With the pictures removed, please write out every line below exactly as given.

Data extract:
^^^^^^^^^^^^^^^^

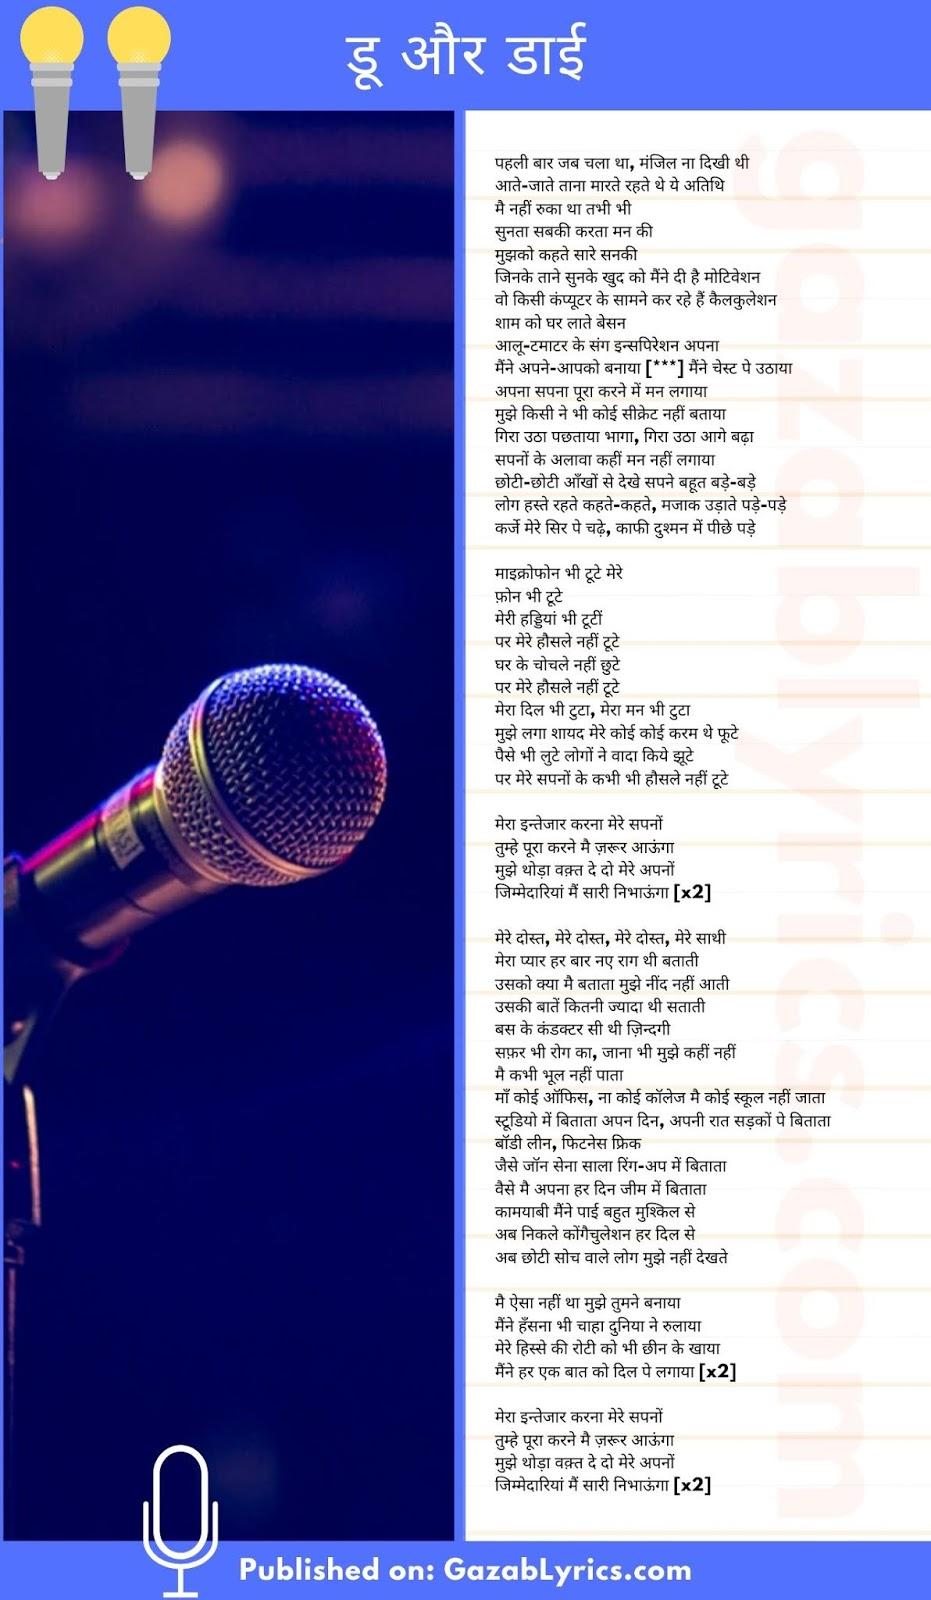 Do or Die song lyrics image addy nagar
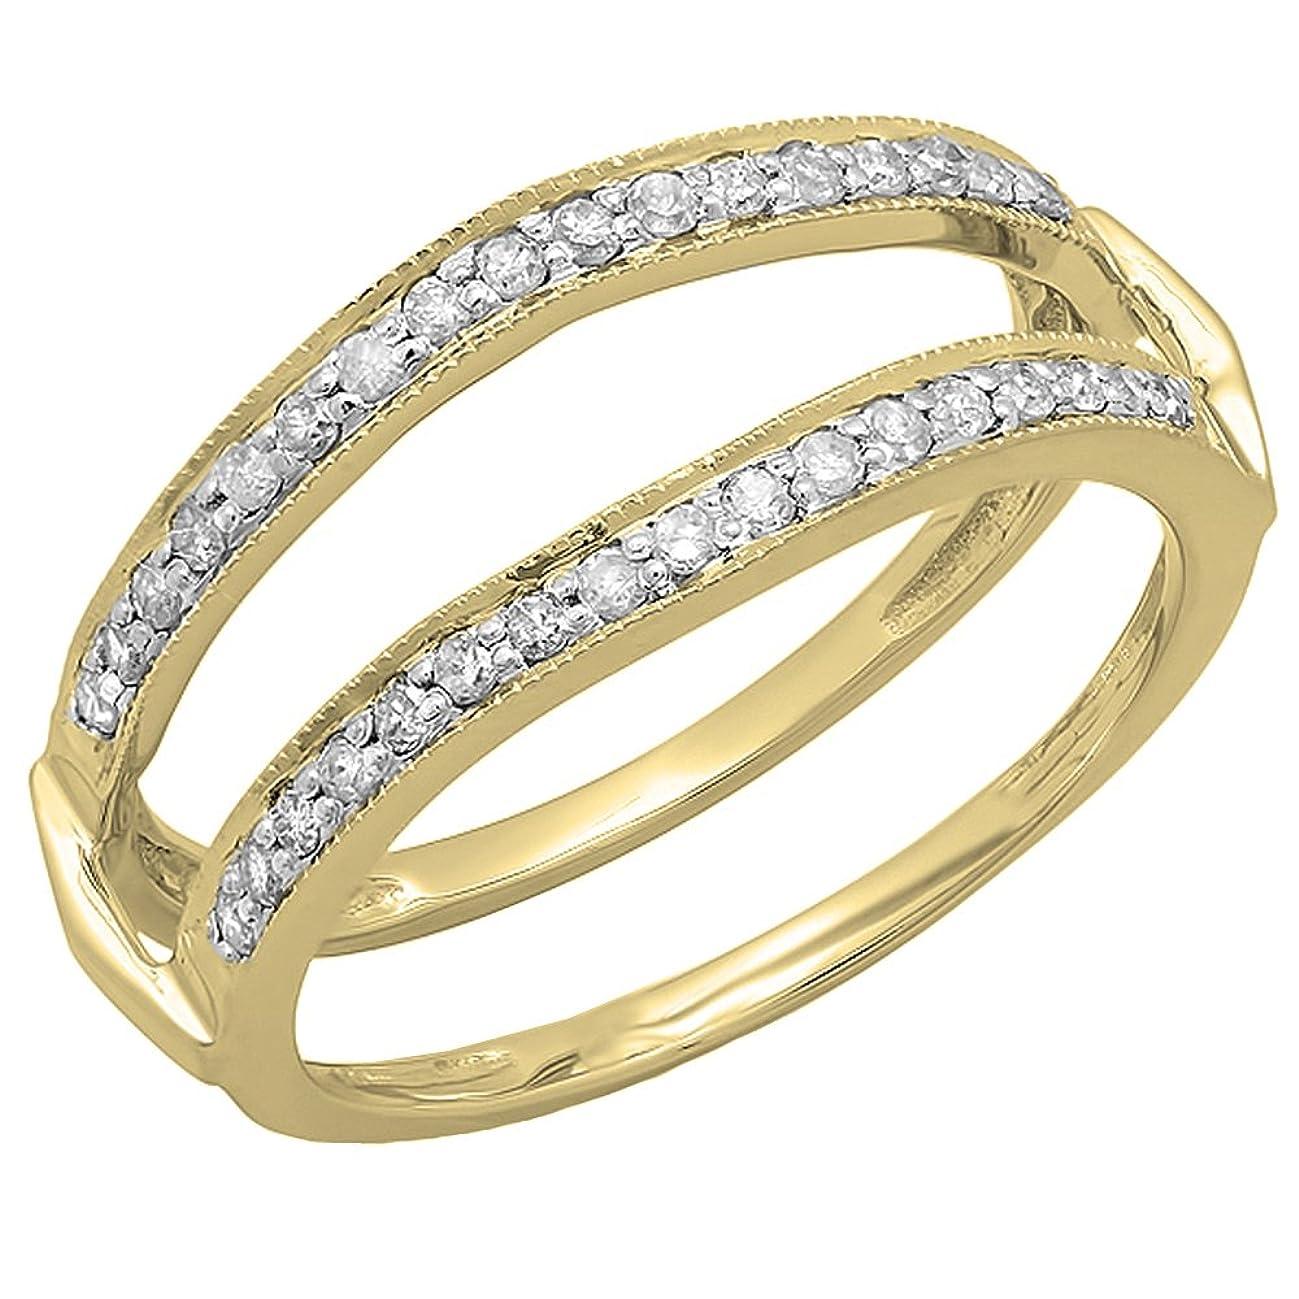 0.33 Carat (ctw) 14K Gold Round Diamond Ladies Millgrain Wedding Band Double Guard Ring 1/3 CT
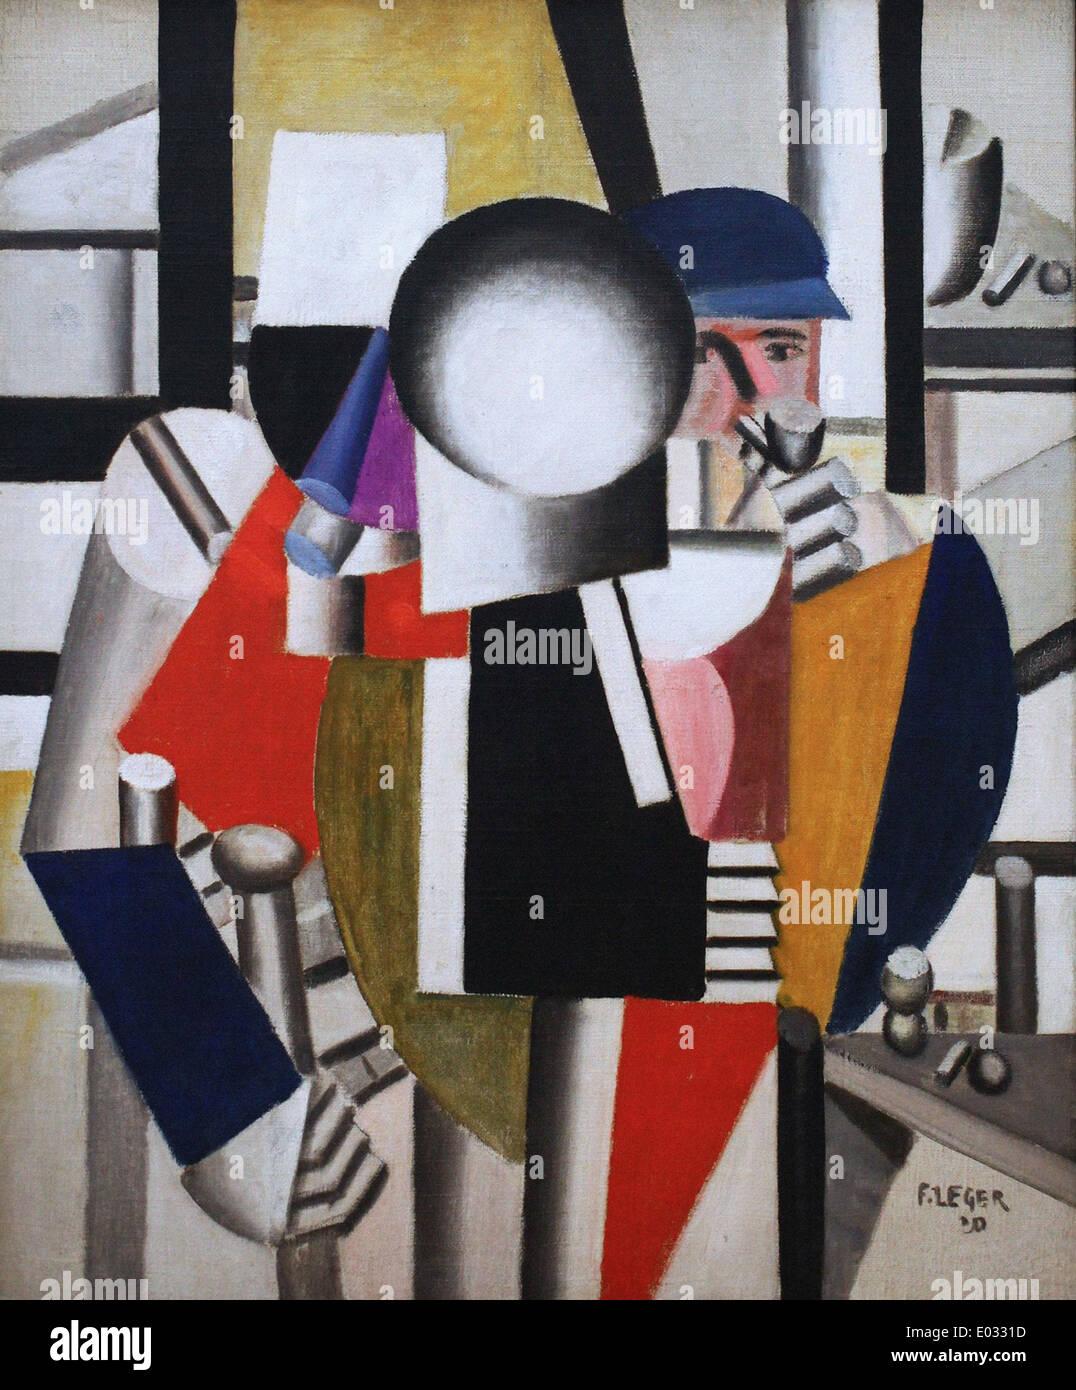 Fernand Léger Les trois camarades Photo Stock
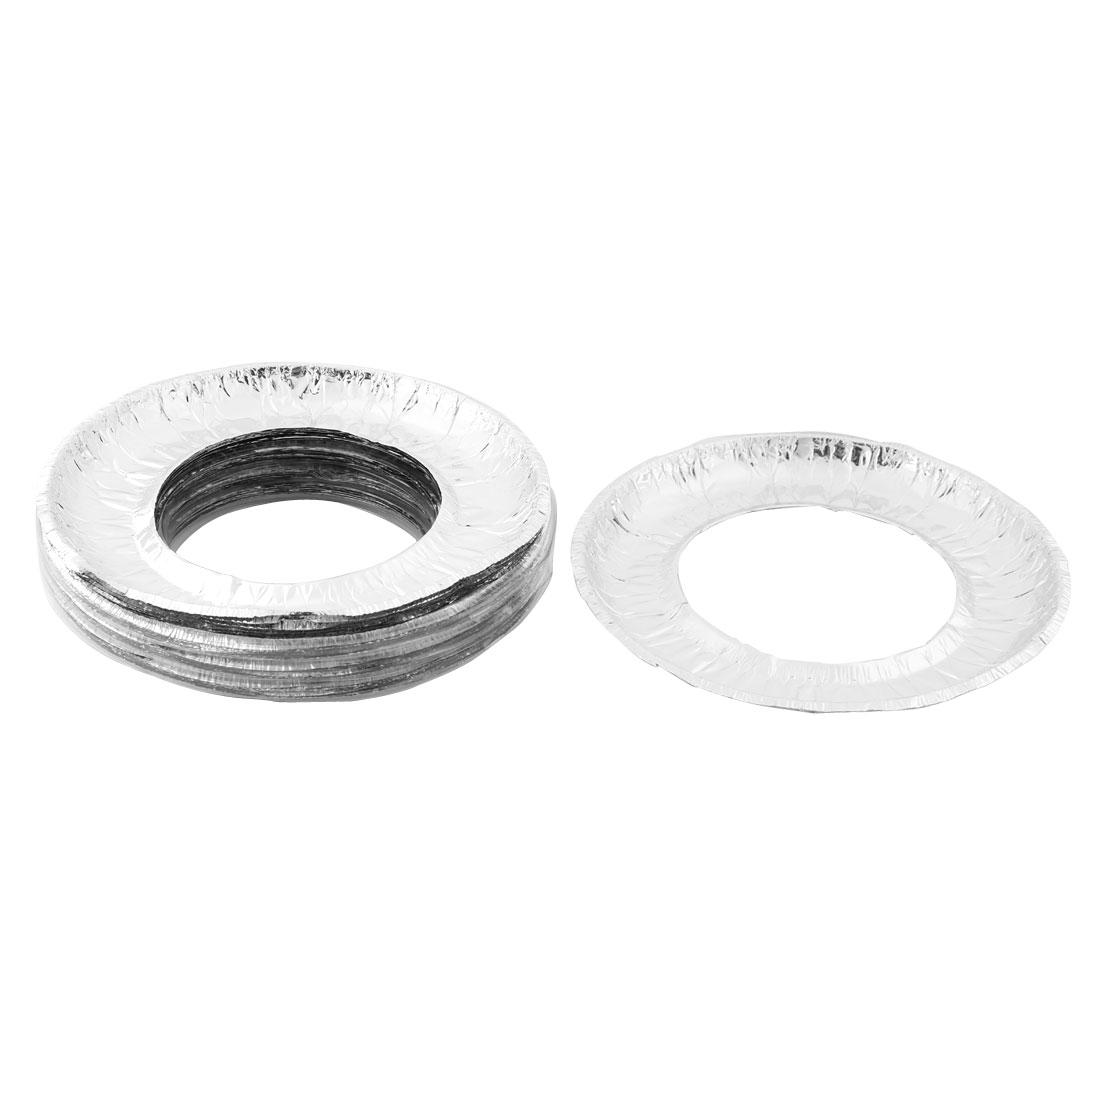 Cookware Aluminum Foil Round Shaped Stove Burner Clean Bib Liners Covers 40 PCS

^^^^^^^^^^^^^^^^

Response for this exercise:
 Do or Die song lyrics image addy nagar
 0.33 Carat (ctw) 14K Gold Round Diamond Ladies Millgrain Wedding Band Double Guard Ring 1/3 CT
 Fernand Léger Les trois camarades Photo Stock
 Cookware Aluminum Foil Round Shaped Stove Burner Clean Bib Liners Covers 40 PCS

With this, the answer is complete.